The intolerance and hypocrisy of the bourgeois world that he witnesses are portrayed through the oppressive nature of school and church as well as his mother’s feigned attempt to support her son’s interest in lower-class and underprivileged children. The son’s silent rebellion is further accentuated by his awakening sensuality and sexuality, which are translated by images that are both scatological (“in the coolness of the latrines/dilating his nostrils”) and somewhat sadistic (“he would bite her buttocks”) in nature.

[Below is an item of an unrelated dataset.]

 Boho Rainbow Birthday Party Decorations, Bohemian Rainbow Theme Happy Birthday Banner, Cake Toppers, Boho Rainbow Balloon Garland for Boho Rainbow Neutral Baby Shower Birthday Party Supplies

It is, however, the metaphor of writing that is most fascinating, both as a symbol of the child’s quest for freedom (an important theme) and as a reference point for Rimbaud’s own life. Written when he was sixteen, “The Seven-Year-Old Poets” foresees the attainment of freedom in all its fullness by the adult Rimbaud in his affair with the poet Paul Verlaine (1844-1896), as well as in the revolutionary aesthetics of his more mature poetry. “The Seven-Year-Old Poets” is an eloquent introduction to his poetry and to his innovative, and, some would say, shocking imagery. More important, however, it foreshadows the breathtaking innovation practiced in his famous poem “Le Bateau ivre” (“The Drunken Boat”), a metaphor for poetic discovery in which the exotic lands and fabulous creatures remind the reader of the “flesh-flowers opened in the depths of the celestial woods” in “The Seven-Year-Old Poets.” In the latter, the freeness of the form, combined with the elegance of the Alexandrine verse, are masterfully used by Rimbaud in order to create a refined and yet innovative poetic use of language.

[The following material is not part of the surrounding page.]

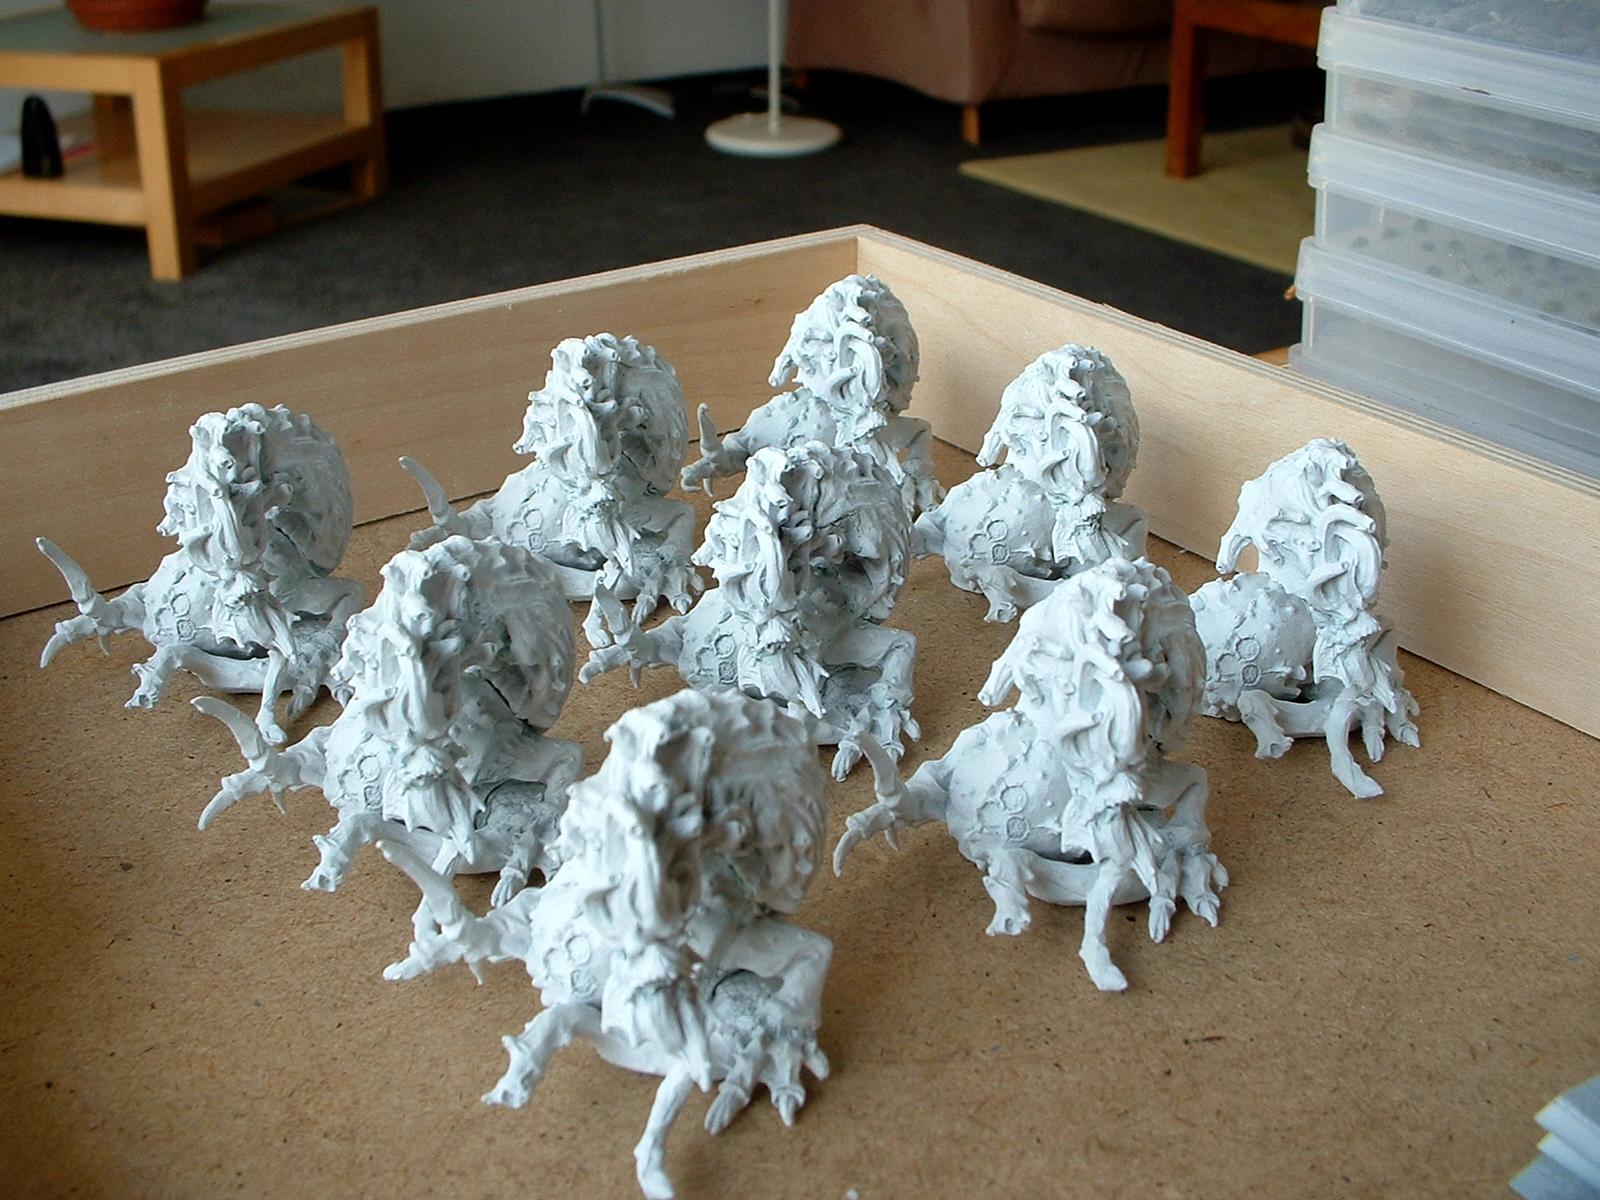 Beasts Of Nurgle, Chaos, Daemons, Nurgle, Primered, Work In Progress

“The Seven-Year-Old Poets” carries the reader through the intricacies of a child’s perception of the world, splendid and, at times, full of despair, and ends on an uplifting note: The final image of sails, created by the canvas on which the child lies, will continue to carry him, through his imagination and writing, to foreign lands, unknown sensations, and experiences, and, ultimately, will offer the liberation from reality that he seeks.